Machine learning (ML) for classification and prediction based on a
set of features is used to make decisions in healthcare, economics,
criminal justice and more. However, implementing an ML pipeline
including preprocessing, model selection, and evaluation can be
time-consuming, confusing, and difficult. Here, we present mikropml
(pronounced “meek-ROPE em el”), an easy-to-use R package that implements
ML pipelines using regression, support vector machines, decision trees,
random forest, or gradient-boosted trees.
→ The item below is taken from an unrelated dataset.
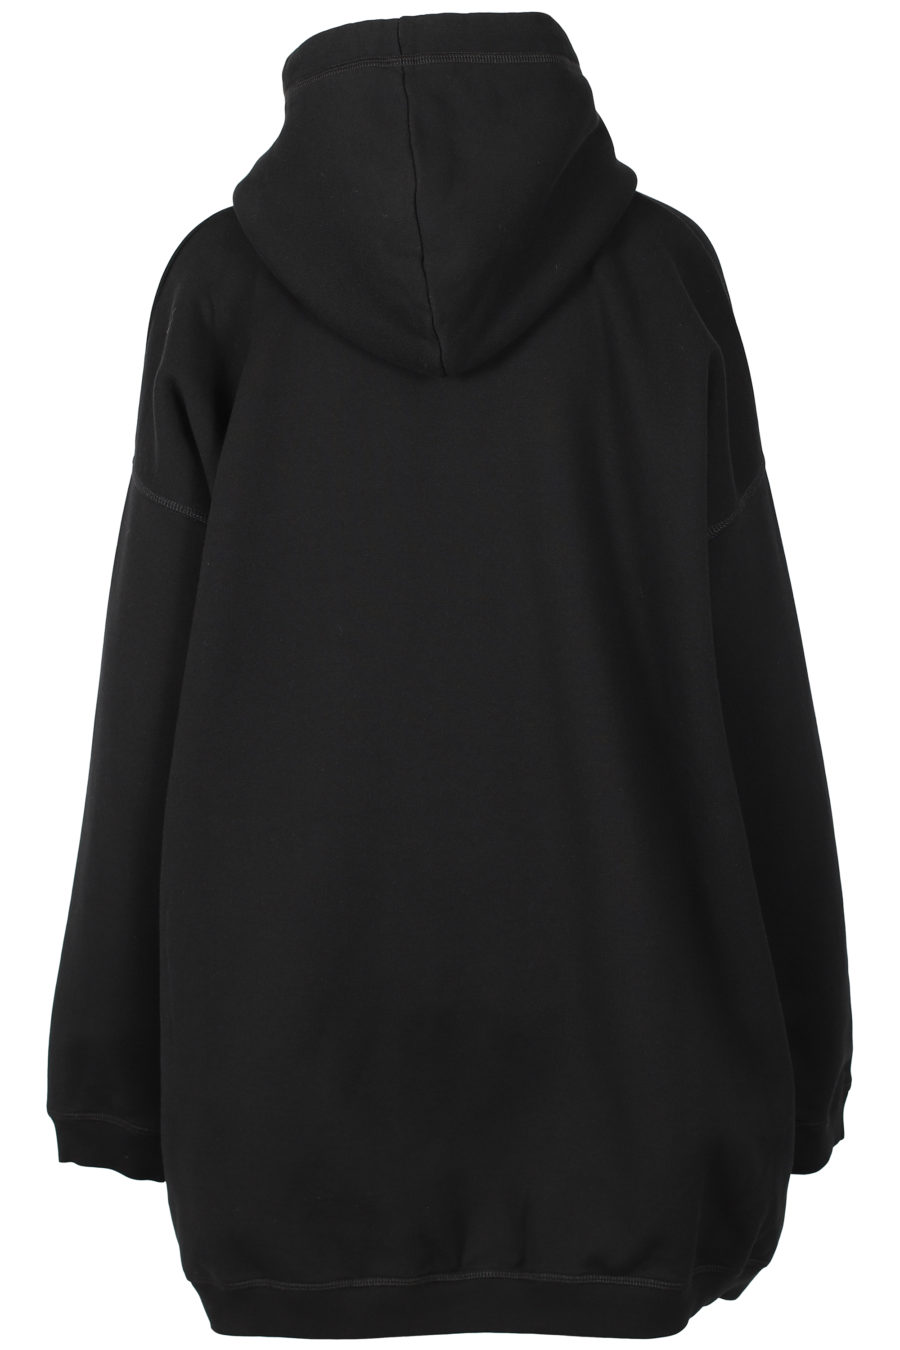 Robe en sweat-shirt noir avec logo blanc - IMG 3253

The package is available on GitHub, CRAN, and conda.
Most applications of machine learning (ML) require reproducible steps for data pre-processing, cross-validation, testing, model evaluation, and often interpretation of why the model makes particular predictions. Performing these steps is important, as failure to implement them can result in incorrect and misleading results (Teschendorff 2019; Wiens et al. 2019).
Supervised ML is widely used to recognize patterns in large datasets
and to make predictions about outcomes of interest. Several packages
including caret (Kuhn 2008)
and tidymodels (Kuhn et al.
2020) in R, scikitlearn (Pedregosa et al. 2011) in Python, and the H2O
autoML platform (H2O.ai 2020)
allow scientists to train ML models with a variety of algorithms. While
these packages provide the tools necessary for each ML step, they do not
implement a complete ML pipeline according to good practices in the
literature. This makes it difficult for practitioners new to ML to
easily begin to perform ML analyses.
To enable a broader range of researchers to apply ML to their problem
domains, we created mikropml,
an easy-to-use R package (R Core Team
2020) that implements the ML pipeline created by Topçuoğlu et
al. (Topçuoğlu et al. 2020) in a
single function that returns a trained model, model performance metrics
and feature importance. mikropml leverages the
caret package to support several ML algorithms: linear
regression, logistic regression, support vector machines with a radial
basis kernel, decision trees, random forest, and gradient boosted trees.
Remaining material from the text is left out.